Anyone have a quick way of doing these? This is from the Schweser QBank Assume an investor living in Italy can borrow in the domestic Lira (ITL) or in the foreign French Franc (FRF). Given the following information, determine whether an arbitrage opportunity exists. If so, how much would the investor profit by borrowing ITL 44,280,000 or the equivalent in FRF? (Assume a period of one year & state the profit in domestic currency terms).

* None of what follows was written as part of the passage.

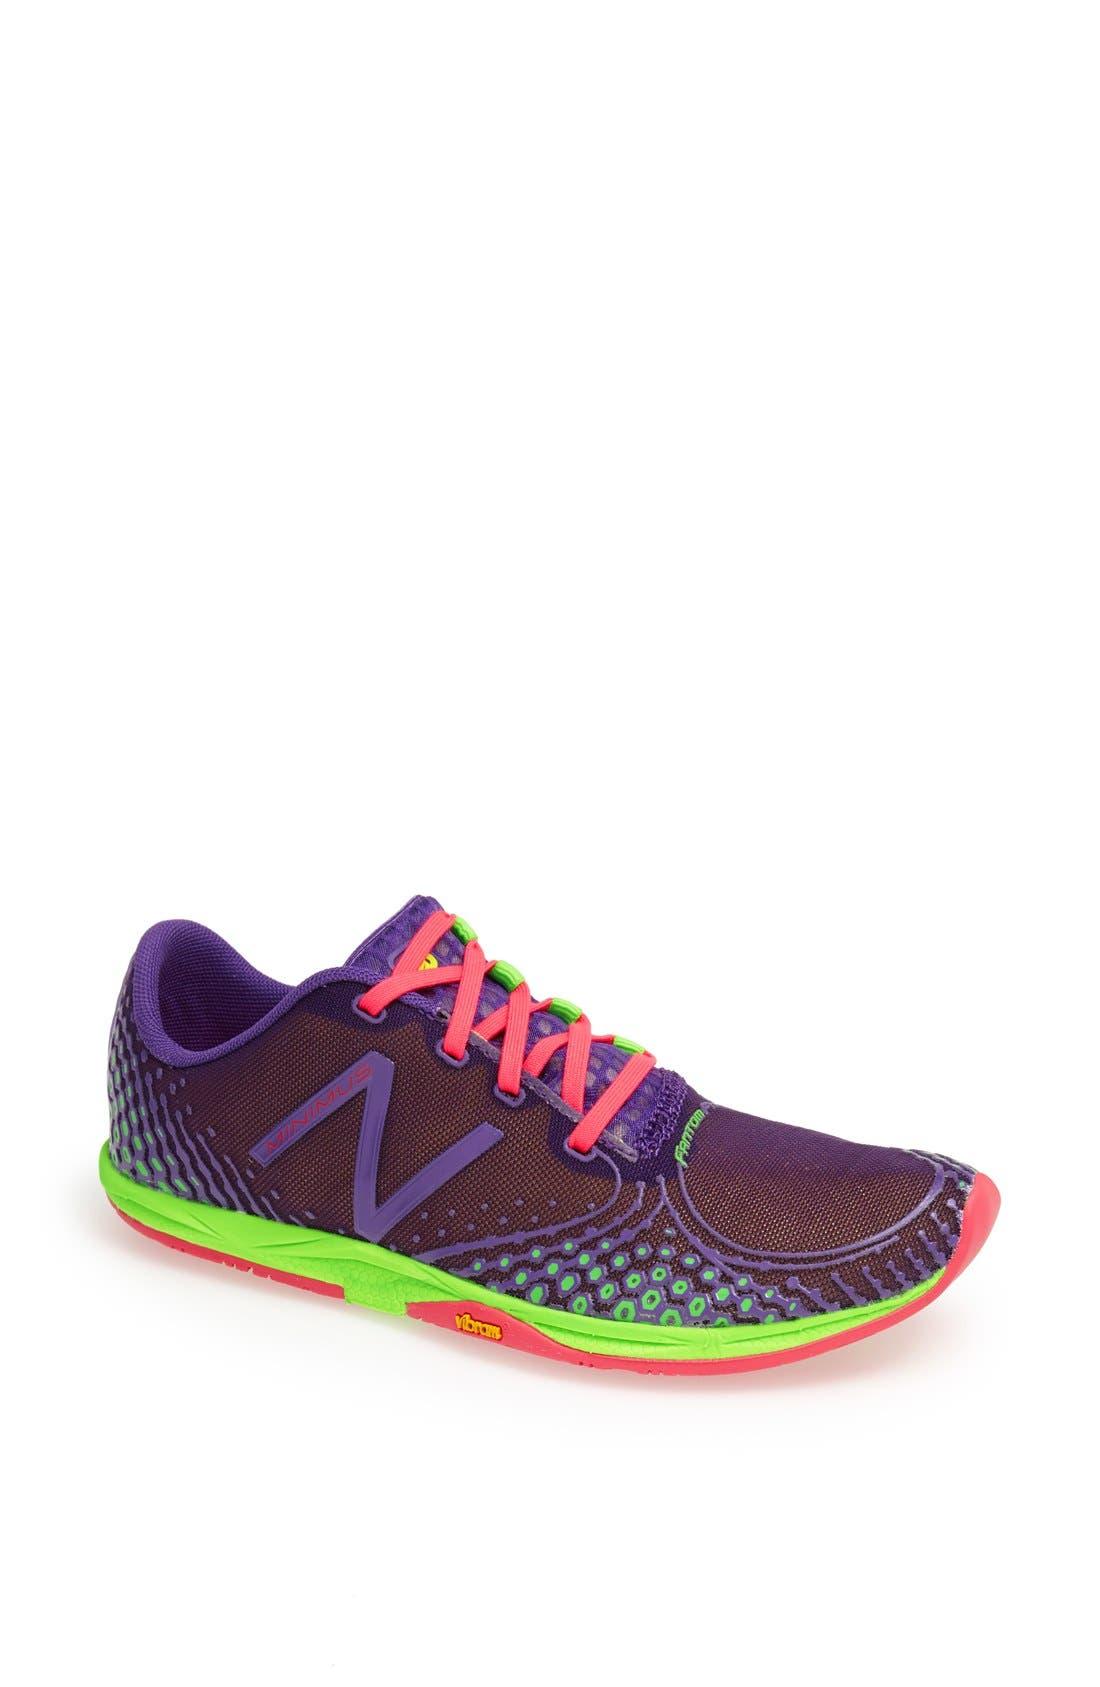 Main Image - New Balance 'Minimus Zero V2' Minimal Road Running Shoe (Women)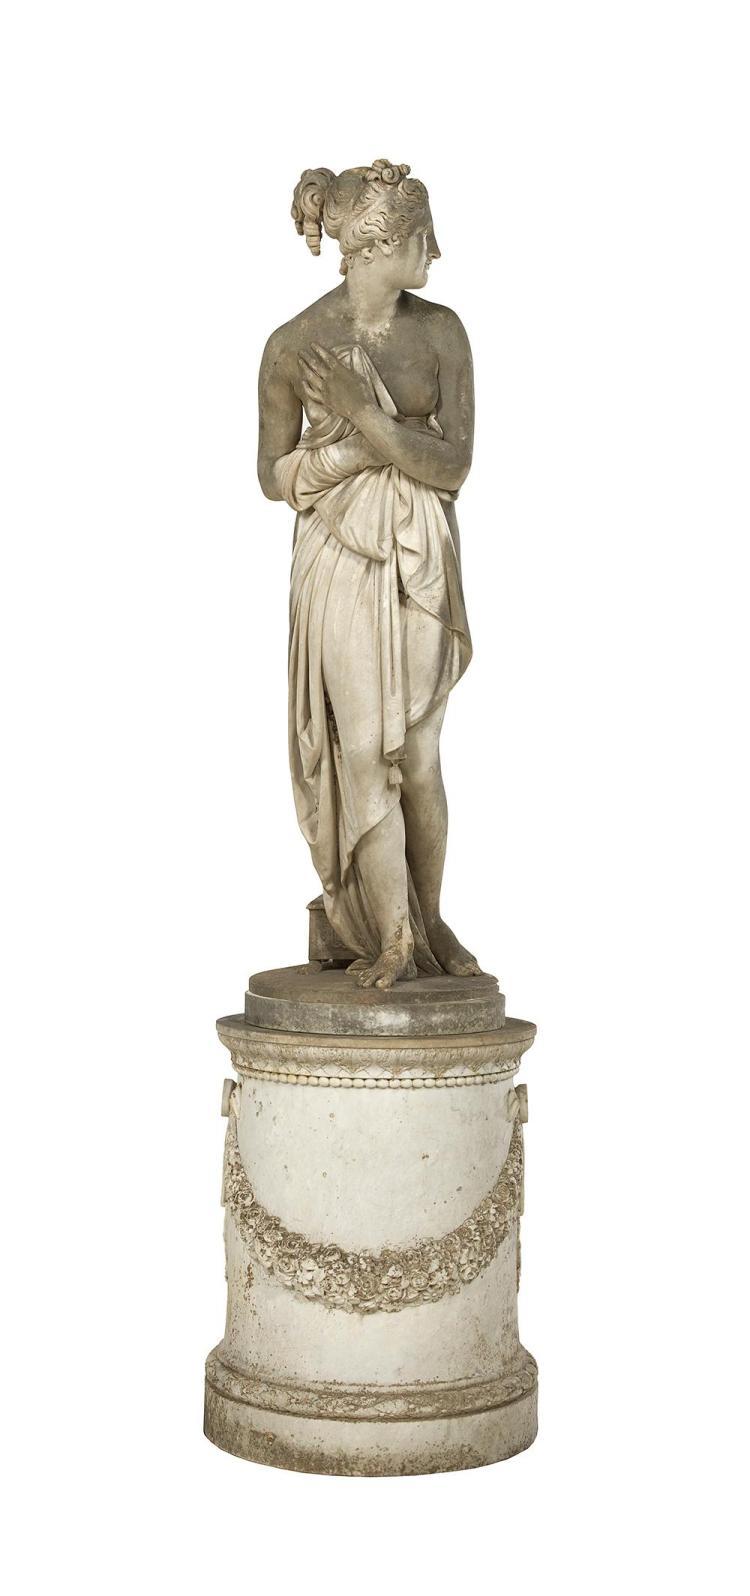 Carrara Marble Statue of Venus Italica

Spot rate (ITL/FRF) 295.20000 Forward rate (ITL/FRF) 299.10000 Domestic (Italian) interest rate (%) 5.00000 Foreign (French) interest rate (%) 3.50000 A) An arbitrage opportunity results in a profit of ITL 1,424,774. B) An arbitrage opportunity results in a profit of ITL 58,725. C) No arbitrage opportunity. D) An arbitrage opportunity results in a profit of ITL 2,250
B? I am not getting any of the answers exactly though? IR Parity relation ==> (299.1/295.2) * (1.035 / 1.05) = .998737 which implies arbitrage opportunities exist . profit should be(1 - .998737) * 44,280,000 = 55925.64
I have got the exact answer (b) since (299.1/295.2)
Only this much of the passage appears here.